The lens is a Zeiss Krauss  with a number which allowed me to date it between 1895 and 1900
I immediately felt that this camera deserved to be rescued.
After a deep and long refurbishing  ( cleaning, painting works, leather repairing) I have now a more decent camera with a working shutter.





I am now trying to identify it .


----------



## tirediron (Jul 22, 2016)

Nice; good job.  What film does this use?


----------



## jcdeboever (Jul 22, 2016)

That is one handsome camera.


----------



## annamaria (Jul 22, 2016)

Did a really nice job on it.  I wonder what history it has, such as who was the person who used it and what family portraits came out of it.  I think it would be cool to find out.  Nice camera. 

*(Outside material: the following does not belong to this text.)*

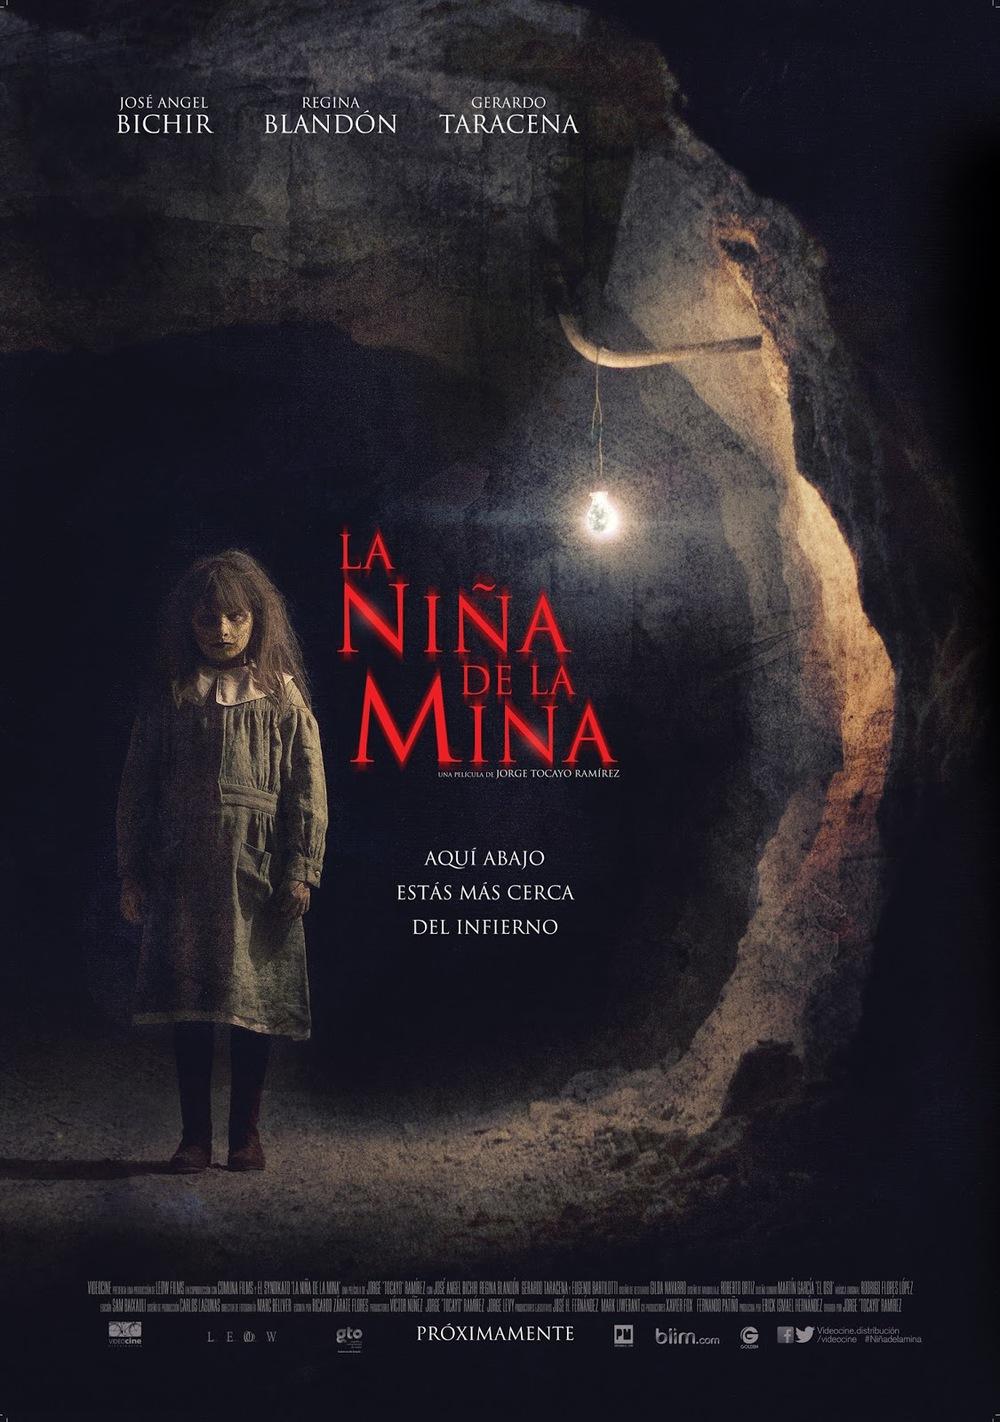 La Niña de la Mina (2016, Feature Film)

Sent from my iPad using Tapatalk


----------



## jcdeboever (Jul 22, 2016)

annamaria said:


> Did a really nice job on it.  I wonder what history it has, such as who was the person who used it and what family portraits came out of it.  I think it would be cool to find out.  Nice camera.
> 
> 
> Sent from my iPad using Tapatalk



Would have been really cool if it had film in it that could be developed.


----------



## jcdeboever (Jul 22, 2016)

http://www.collection-appareils.fr/x/html/camera-2853-Soulé.html


----------



## dxqcanada (Jul 22, 2016)

Great clean up job !!


----------



## annamaria (Jul 22, 2016)

jcdeboever said:


> annamaria said:
> 
> 
> > Did a really nice job on it.  I wonder what history it has, such as who was the person who used it and what family portraits came out of it.  I think it would be cool to find out.  Nice camera.
> ...



Would be ultra cool!


Sent from my iPad using Tapatalk


----------



## Dany (Jul 23, 2016)

No film in this camera but plates stored in the magazine at the rear.
The link to the "Jumelle Soulé" is interesting (similar lens and finder).
Soulé was a wood and brass camera manufacturer located in the south of France.
A logo is engraved on the front plate suporting the lens near the shutter cocking knob
Probably because of erosion, only  a part of it is readible.
The logo shows an animal ( eagle?) on top of a globe and a writing starting with "EX and terminating with "OR" ("O" is not certain).
Below the globe the word "DEPOSEE" means "registred" in French
We could guess the name "Excelsior"
I did not find any such camera in my books (including the McK)


----------



## jcdeboever (Jul 23, 2016)

Dany said:


> No film in this camera but plates stored in the magazine at the rear.
> The link to the "Jumelle Soulé" is interesting (similar lens and finder).
> Soulé was a wood and brass camera manufacturer located in the south of France.
> A logo is engraved on the front plate suporting the lens near the shutter cocking knob
> ...


Maybe email that guy in the link I provided? I know it wasn't the same but looked very similar.


----------



## Dany (Jul 23, 2016)

Thank you jcdeboever. The link goes to a French website well known to me and which, today, gives information about 11,109  vintage cameras and many photo accessories ( including photos, specification sheets, scans of catalogs etc.)

Welcome to Vintage cameras collection by Sylvain Halgand

I am personally involved (among many others forming a team) in the development of this website.
This site has also a very active forum (with a section dedicated to collectors not speaking French).
I will create an "identification request" thread in the next days in this Forum.


----------



## webestang64 (Jul 25, 2016)

Wonderful job bringing this one back from the brink!


----------



## jcdeboever (Jul 25, 2016)

Dany said:


> Thank you jcdeboever. The link goes to a French website well known to me and which, today, gives information about 11,109  vintage cameras and many photo accessories ( including photos, specification sheets, scans of catalogs etc.)
> 
> Welcome to Vintage cameras collection by Sylvain Halgand
> 
> ...



I had a feeling you were on that. With all your cool collecting, it only makes perfect sense.


----------



## Dany (Aug 20, 2016)

Thank you so much for your interest on this.
The manufacturer and model of this camera have been finally determined with a good probability.
First of all, it is confirmed that the model name is "Excelsior".
The camera could have been engineered by Mr Linder for a French company called Chautard and produced circa 1898-99.
Excelsior name has also be registred by Chautard for photographic plates.
Very probably, only a small number of this camera has been produced.


----------



## jcdeboever (Aug 20, 2016)

Dany said:


> Thank you so much for your interest on this.
> The manufacturer and model of this camera have been finally determined with a good probability.
> First of all, it is confirmed that the model name is "Excelsior".
> The camera could have been engineered by Mr Linder for a French company called Chautard and produced circa 1898-99.
> ...


That is fantastic and interesting. Thank you so much for the follow up. Great work! [emoji41]


----------